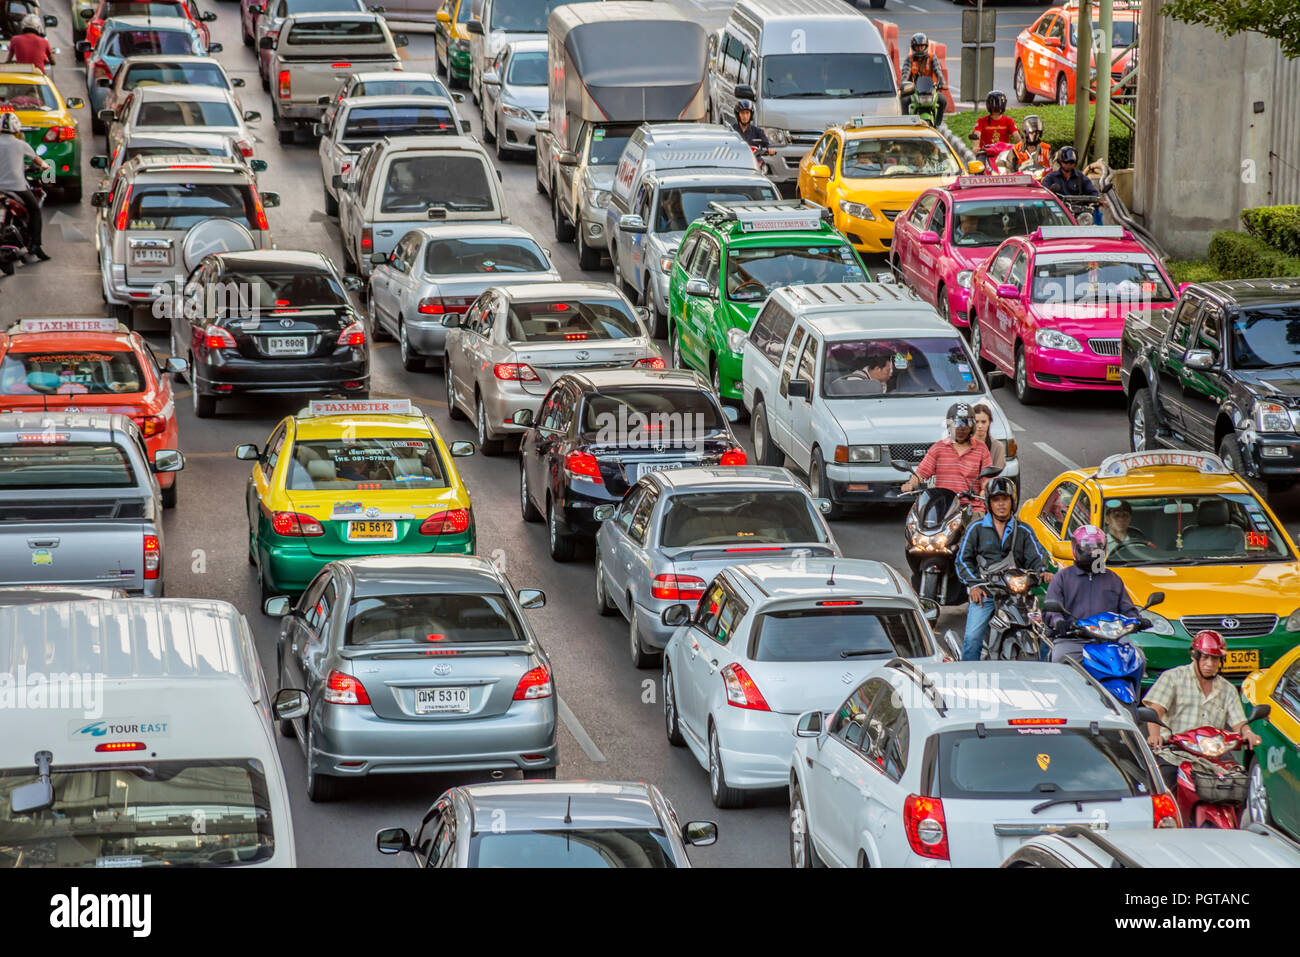 Streetscape with traffic jam in the city centre of Bangkok, Thailand Stock Photo
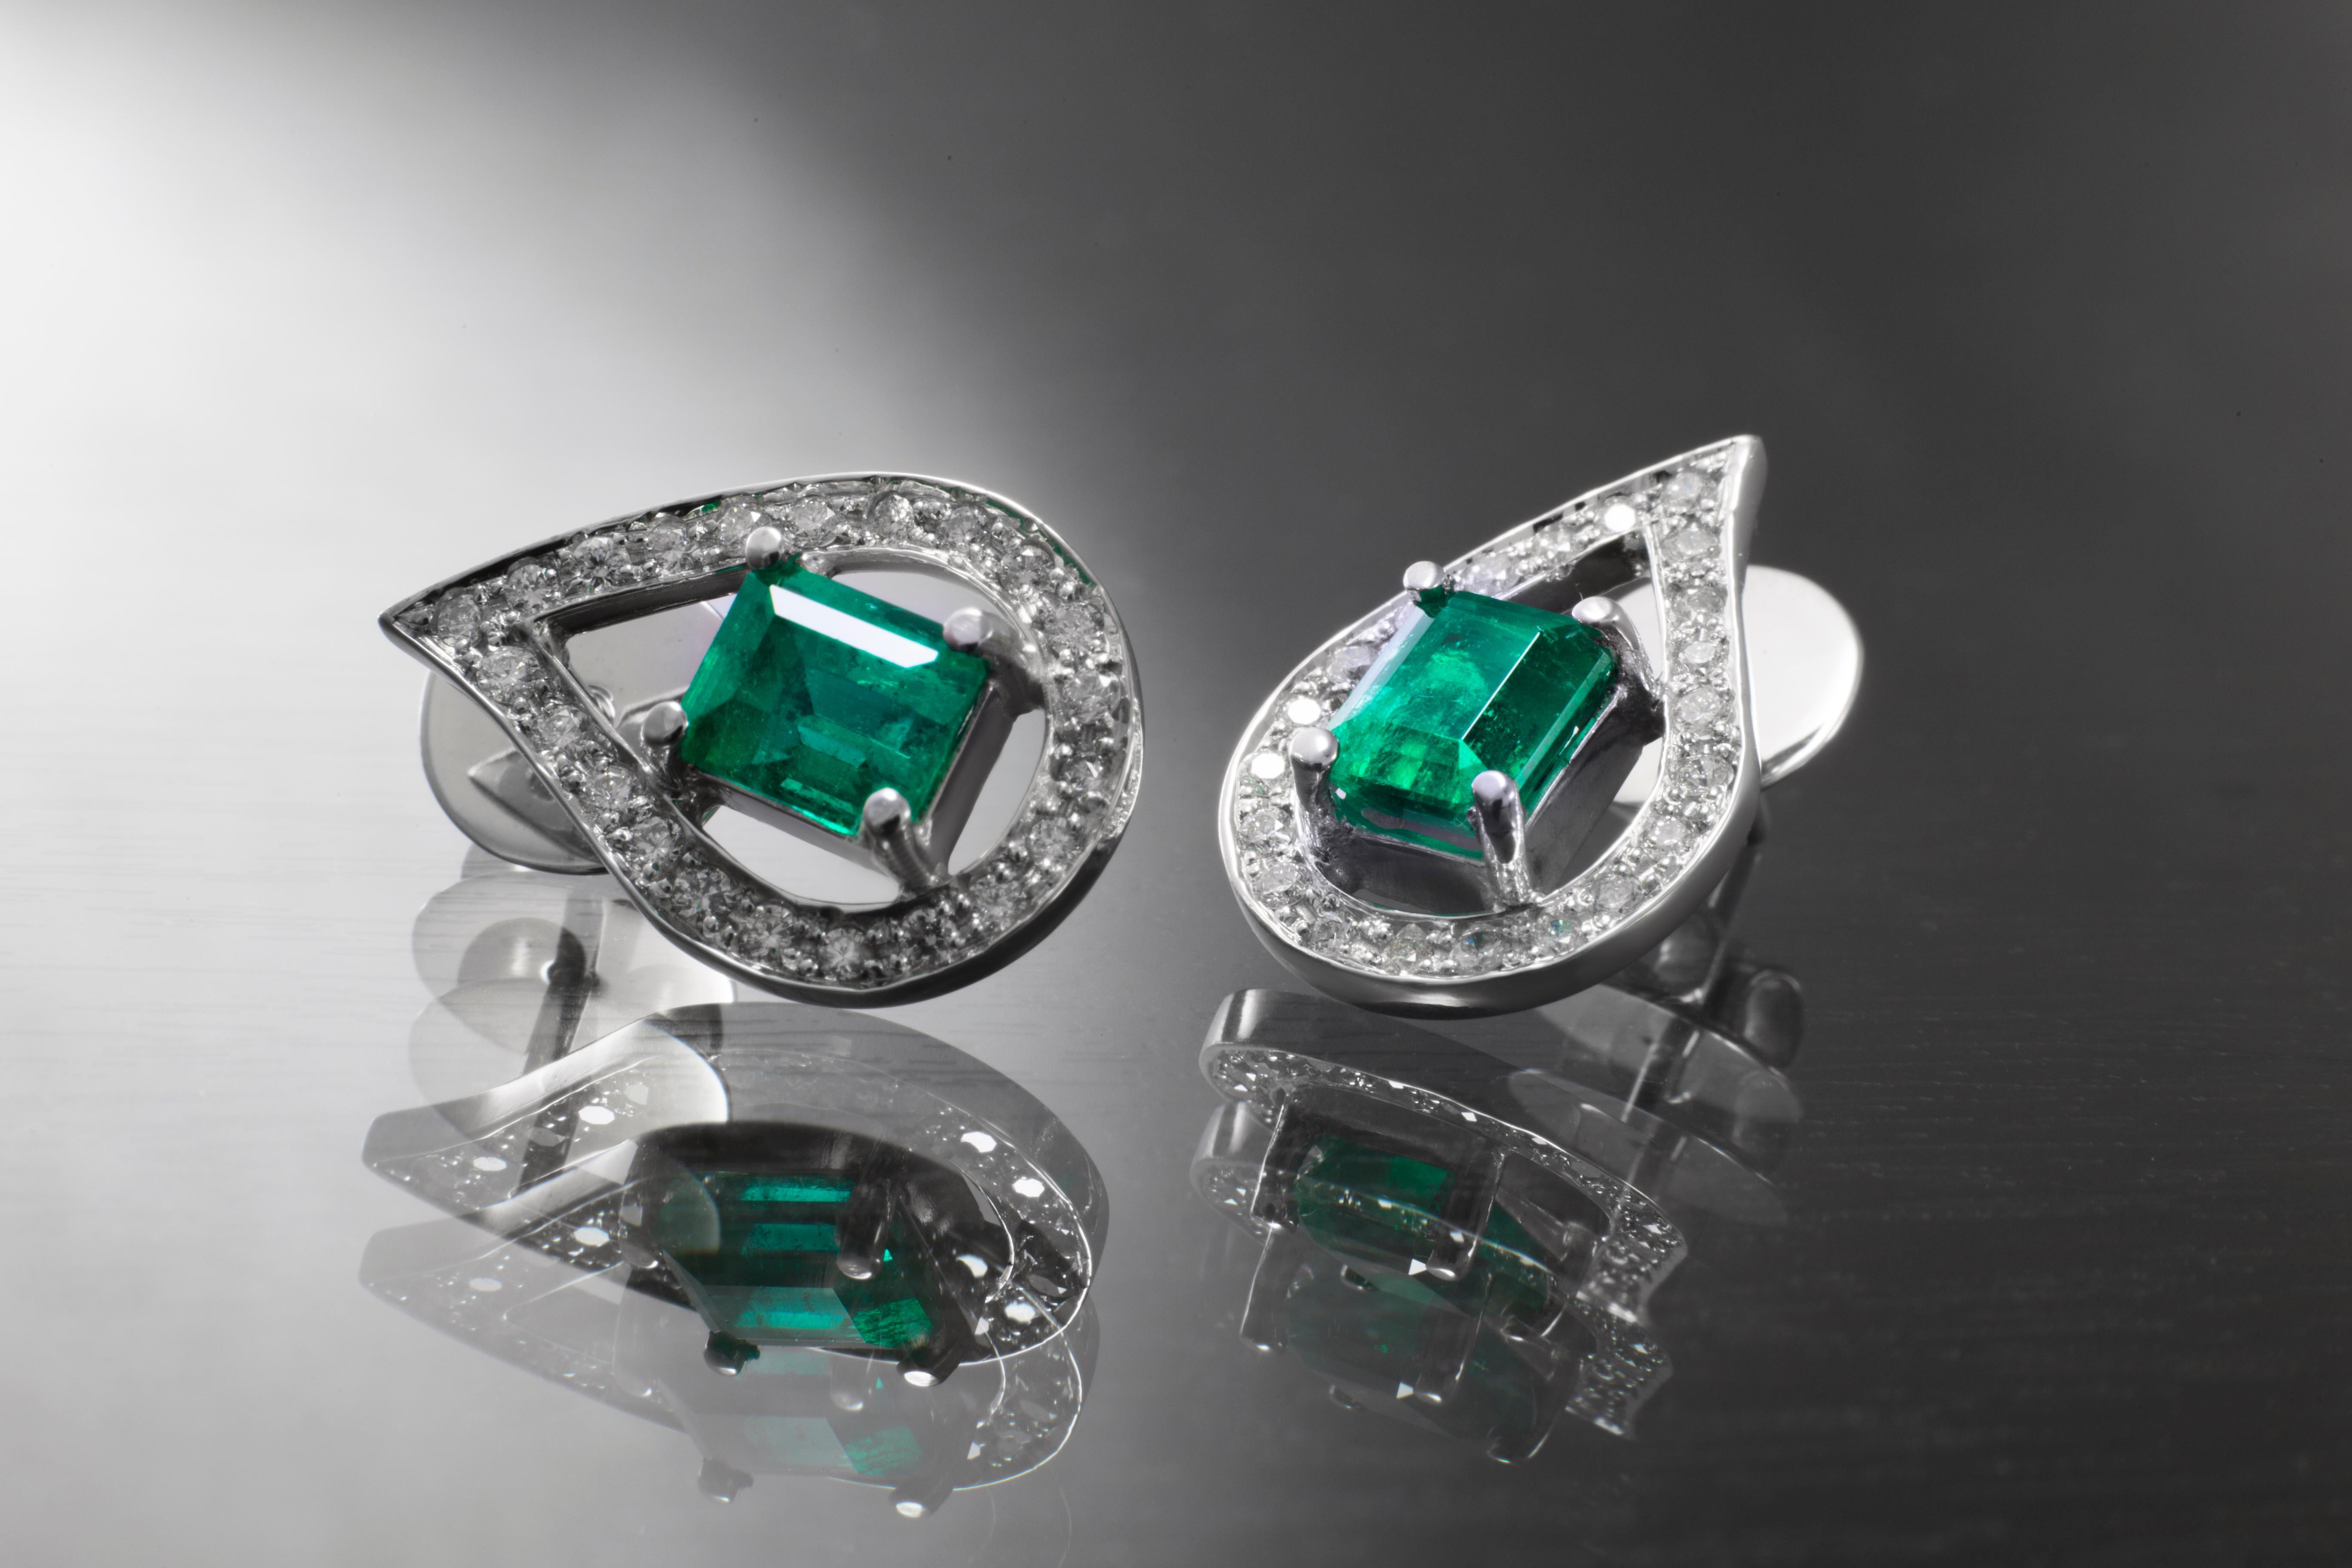 Comprising 2 certified Colombian Muzo emeralds, one of 1.03 carat F1 quality and one of 1.1 carats F 2quality, set in 18 carat white gold, surrounded by a diamond melee, consisting of 21  individual, brilliant cut diamonds.

The perfect

## ACTIVITY
Word for word, repeat all the data, but not its images.

## ANSWER TO THIS PROBLEM
 Streetscape with traffic jam in the city centre of Bangkok, Thailand Stock Photo
 Comprising 2 certified Colombian Muzo emeralds, one of 1.03 carat F1 quality and one of 1.1 carats F 2quality, set in 18 carat white gold, surrounded by a diamond melee, consisting of 21  individual, brilliant cut diamonds.

The perfect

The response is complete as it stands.